Cette année-là, la cinéphile Huppert préside le jury du Festival de Cannes. L'année d'après, l'actrice joue la mère fantasque de Lolita Chammah (sa fille à la ville), dans la comédie dramatique de Marc Fitoussi, Copacabana, avant de prêter ses traits à une prostituée désirant refaire sa vie dans Sans queue ni tête de la fantaisiste Jeanne Labrune. En 2011, elle partage l'affiche de Mon pire cauchemar avec Benoît Poelvoorde, devant la caméra d'Anne Fontaine. Dans cette comédie écrite pour elle, la comédienne interprète Agathe, une mère de famille à qui tout réussi, s'opposant ainsi de manière radicale au personnage tenu par Poelvoorde.

L'année suivante, la prolifique actrice tourne dans le film historique de Valeria Sarmiento, Les Lignes de Wellington. Mort avant le tournage, Raoul Ruiz n'a pu achever lui-même cette fresque napoléonienne où la Française donne la réplique à John Malkovich. 2012 est une grande année pour Isabelle qui se retrouve à l'affiche de plusieurs films prestigieux dont In another country et Captive, où elle campe avec force une femme prise en otage aux Philippines. Michael Haneke fait également appel à elle pour se glisser dans la peau de la fille de Jean-Louis Trintignant et Emmanuelle Riva dans le très primé Amour.

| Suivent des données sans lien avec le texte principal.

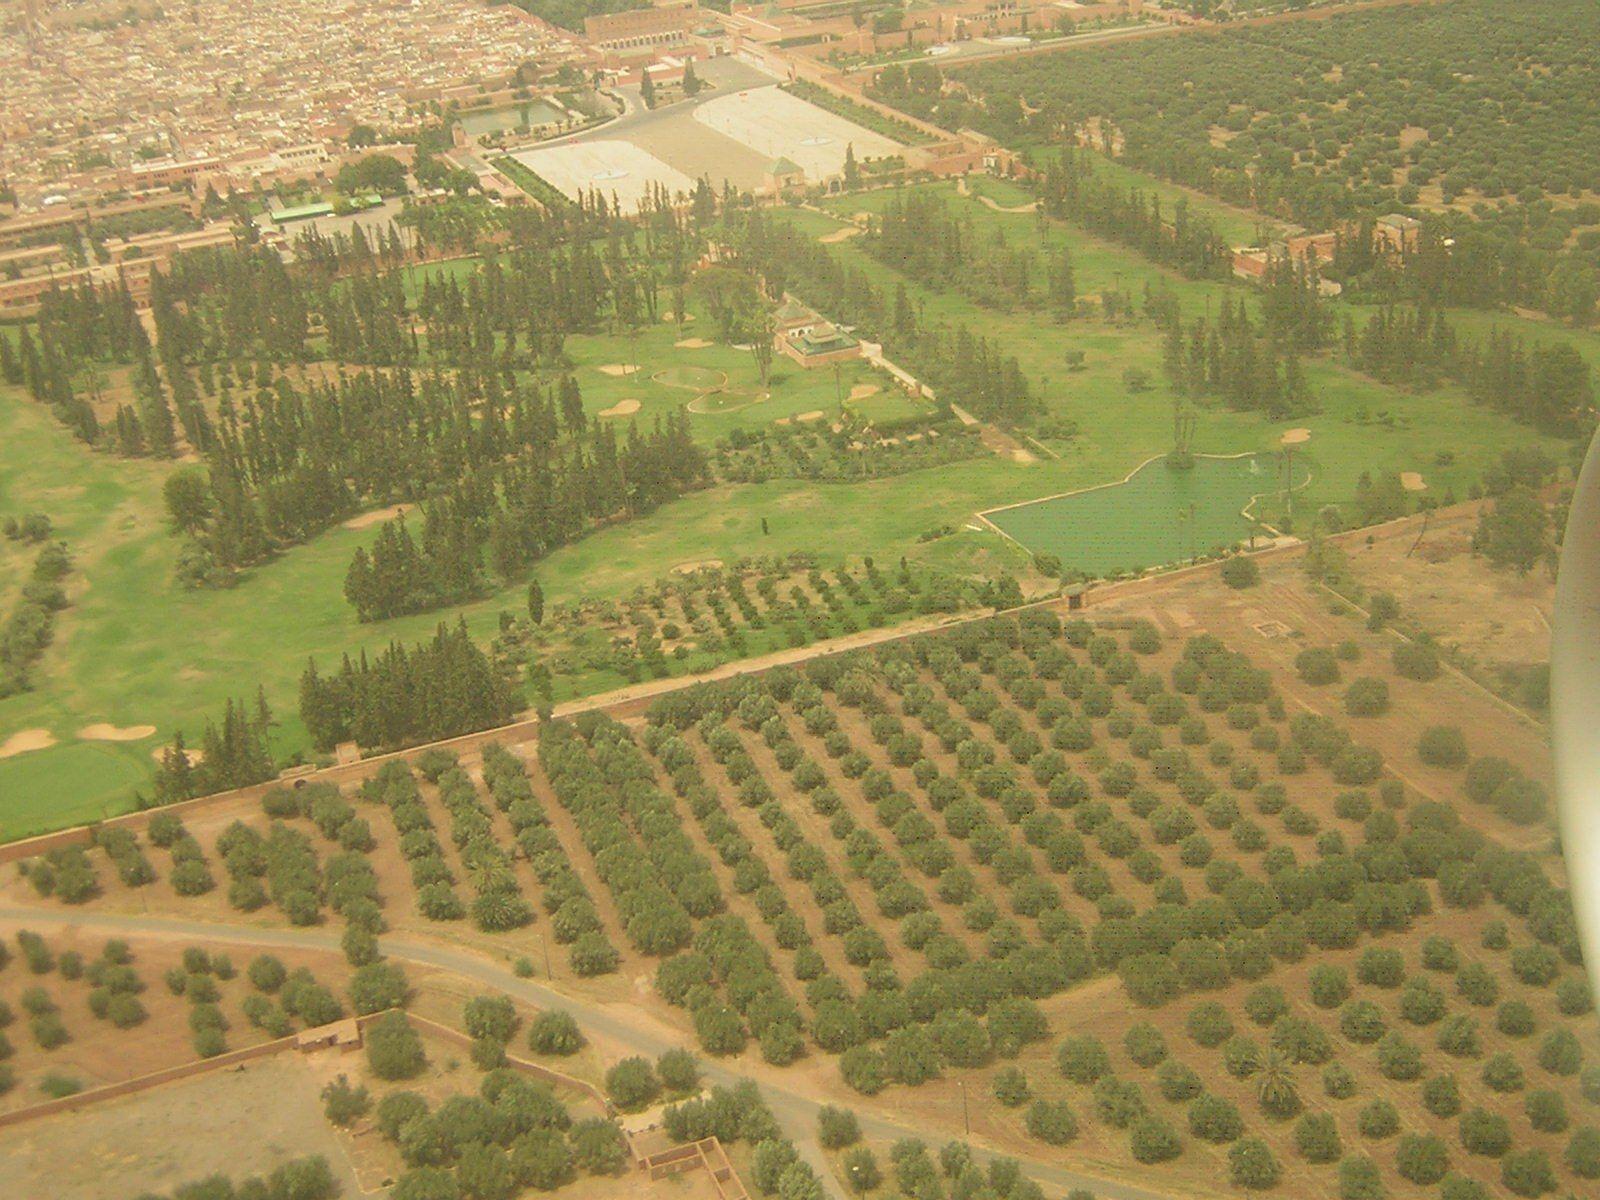 Agdal Garten Von Marrakesch Wikipedia Durchgehend Agdal Garten Von Marrakesch Von Agdal Garten Von Marrakesch Auf Eine World Heritage Sites Morocco Marrakech

En 2013, Isabelle entre au Couvent et devient Mère Supérieure pour Guillaume Nicloux dans La Religieuse. Dans le même temps, elle fait une halte en Italie pour le drame politique La Belle endormie de Marco Bellocchio. La comédienne traverse ensuite l'Atlantique pour donner la réplique à Colin Farrell dans le thriller d'action Dead Man Down.

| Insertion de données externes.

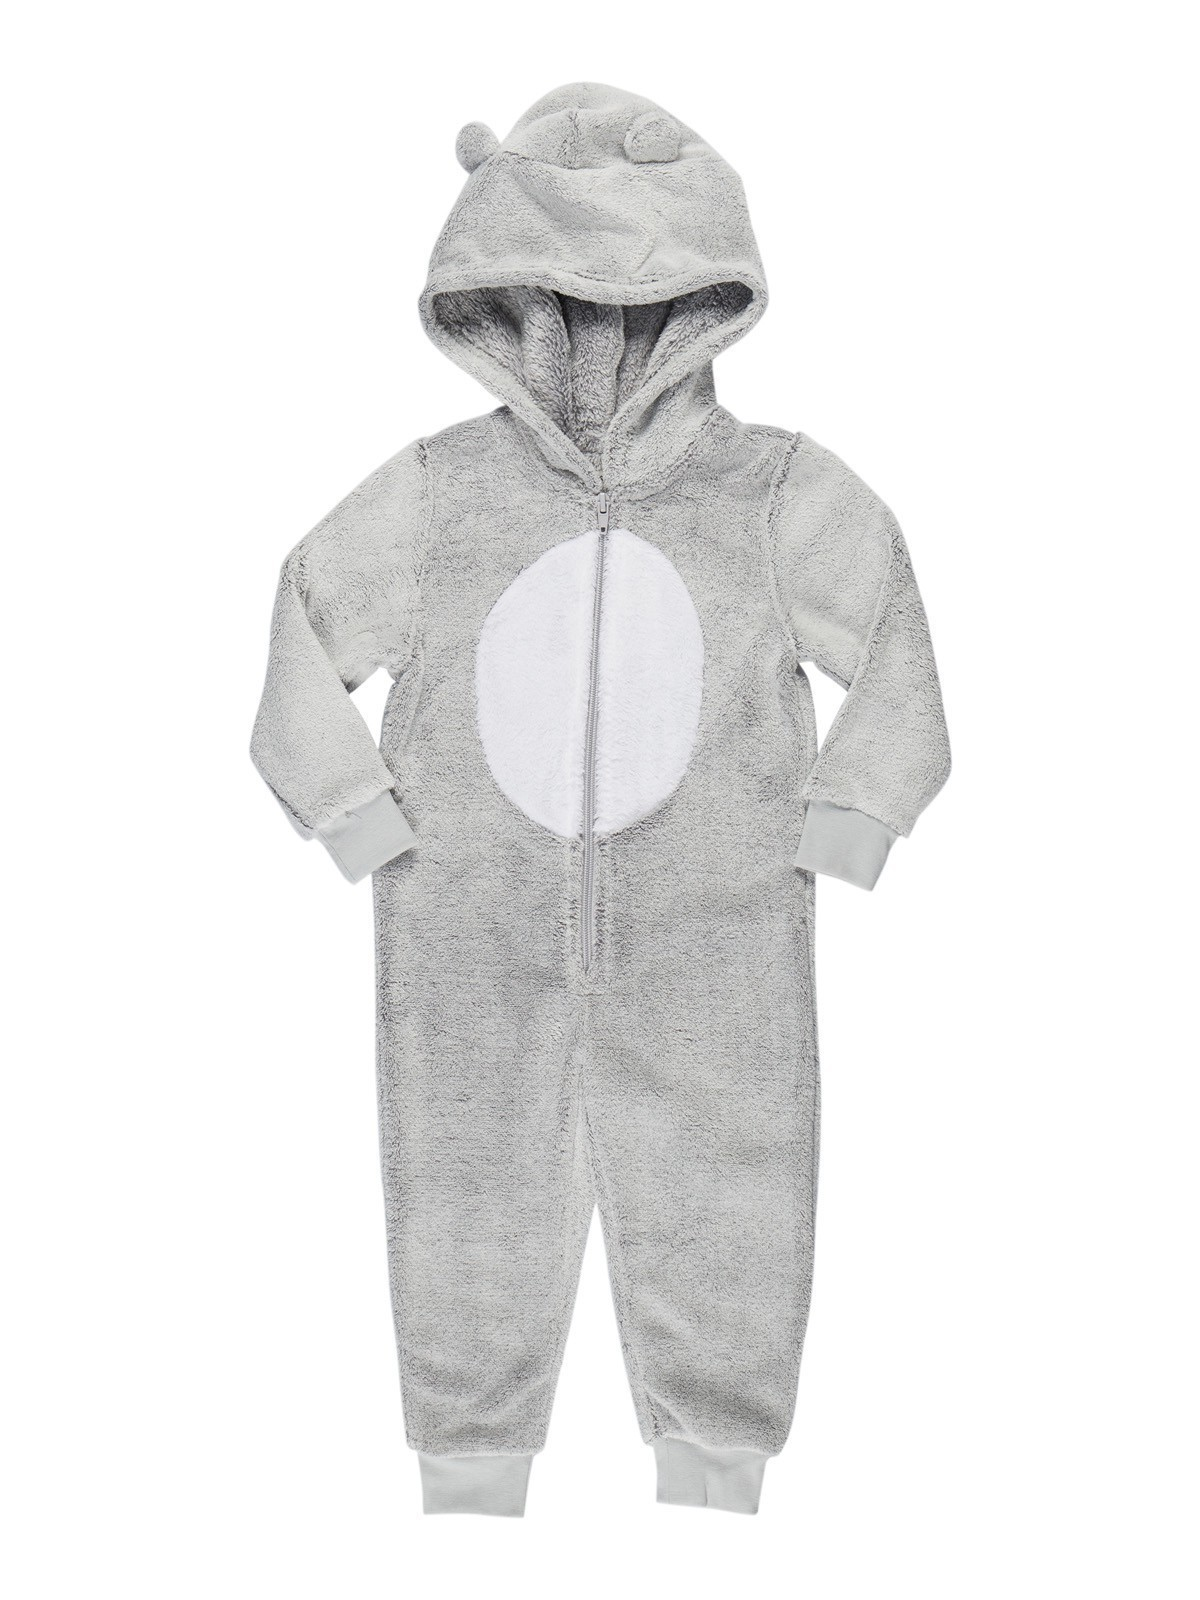 8e96b8d395439 Combinaison pyjama garçon (3-6A) - DistriCenter

L'année suivante, l'actrice joue une cinéaste qui se fait manipuler par Kool Shen dans Abus de faiblesse de Catherine Breillat. En 2015, elle retrouve Guillaume Nicloux pour tourner Valley of Love, un drame dans lequel elle joue l'ex femme de Gérard Depardieu. Très prolifique, Isabelle est à l'affiche de 4 films en 2016. Elle s'illustre donc dans le drame Tout de suite maintenant, Souvenir, où elle incarne une chanteuse oubliée, L'Avenir, dans lequel elle campe une prof de philo qui doit réinventer sa vie et enfin Elle de Paul Verhoeven.

Ce thriller remporte un franc succès et rafle notamment les Césars du meilleur film et de la meilleure actrice pour Huppert. En 2017, Isabelle retrouve le réalisateur Michael Haneke pour tourner Happy End, instantané d’une famille bourgeoise européenne.